» Exercise data:
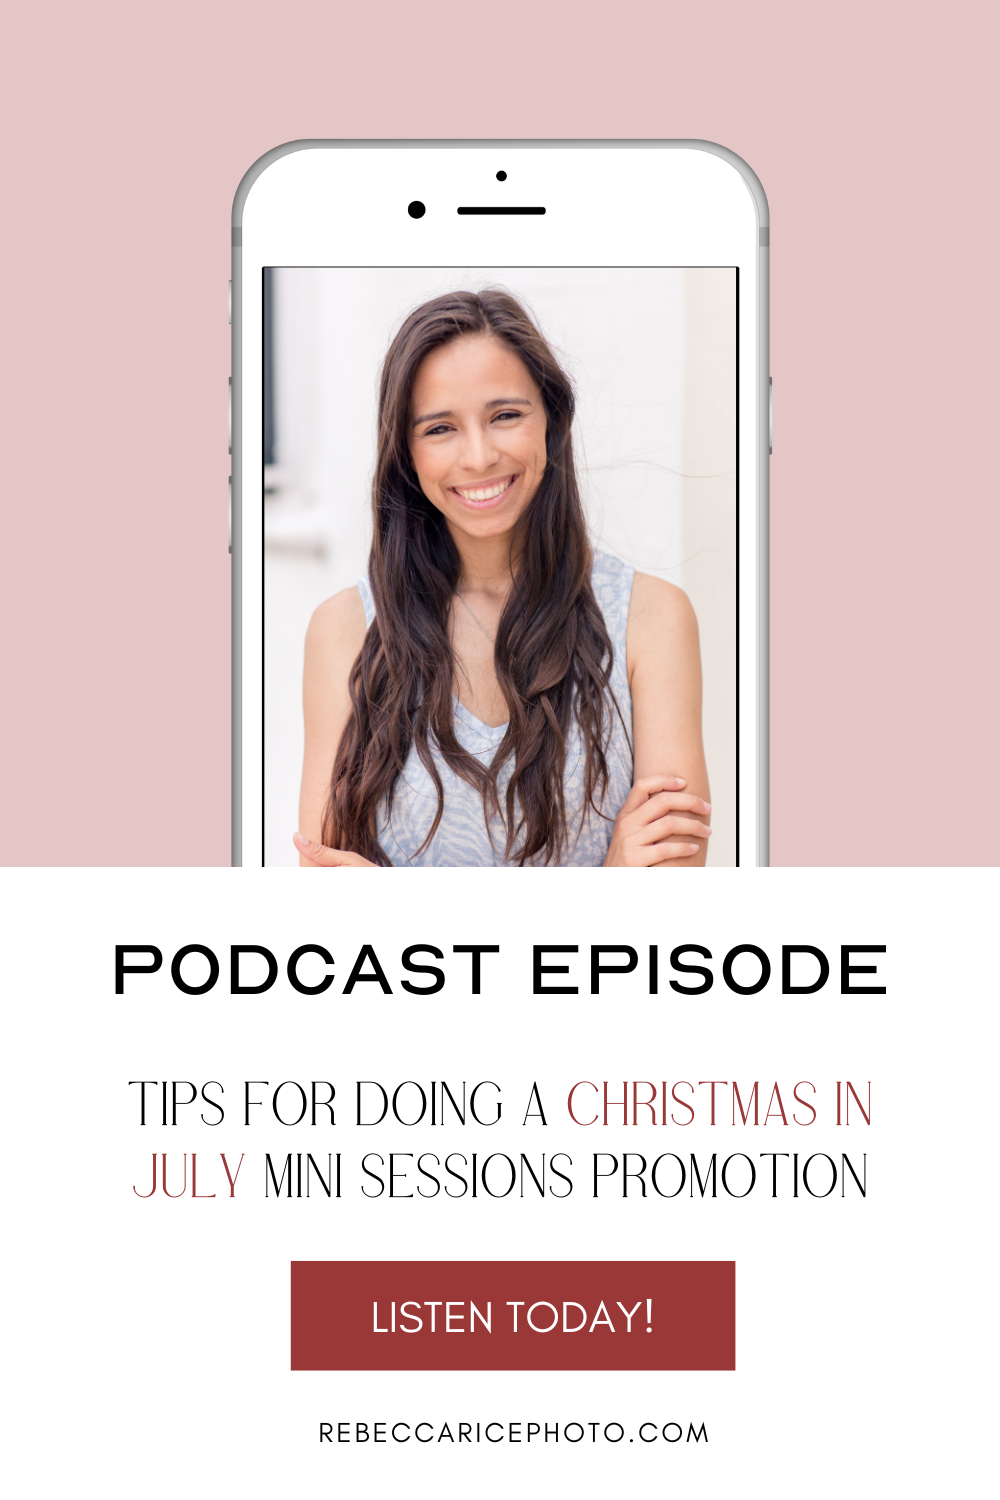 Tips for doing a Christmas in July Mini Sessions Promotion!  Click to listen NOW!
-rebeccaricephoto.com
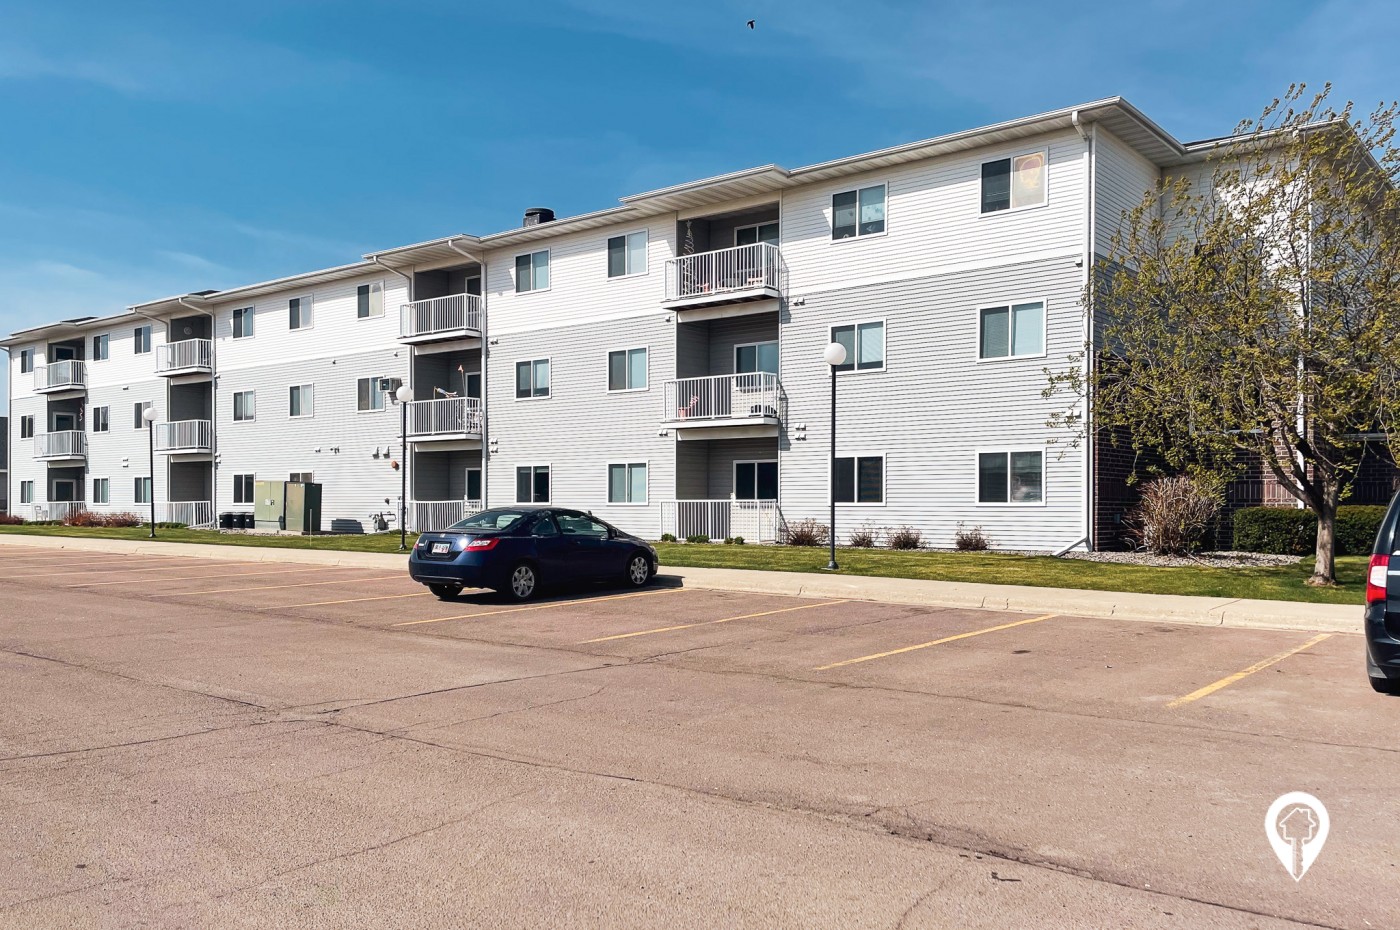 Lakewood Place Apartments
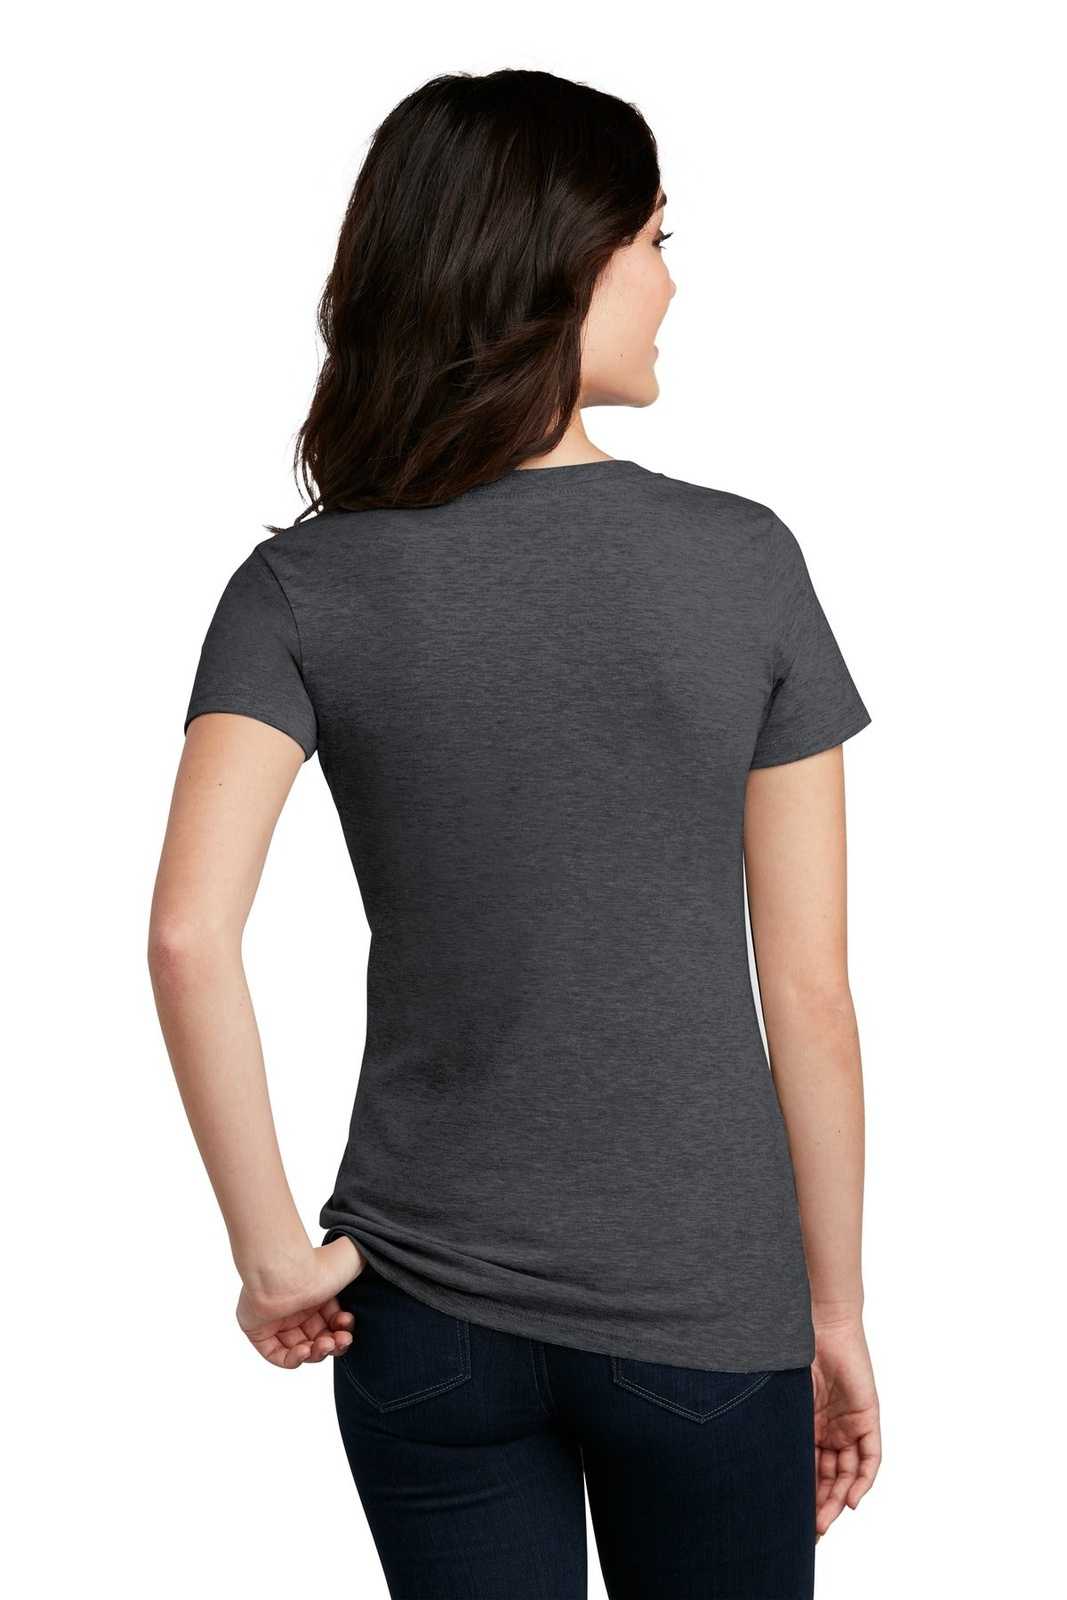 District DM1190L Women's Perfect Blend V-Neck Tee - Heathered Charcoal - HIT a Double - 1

» Directions: Rewrite the data above exactly as given, but omit the images.

» Response to this exercise:
 Tips for doing a Christmas in July Mini Sessions Promotion!  Click to listen NOW!
-rebeccaricephoto.com
 Lakewood Place Apartments
 District DM1190L Women's Perfect Blend V-Neck Tee - Heathered Charcoal - HIT a Double - 1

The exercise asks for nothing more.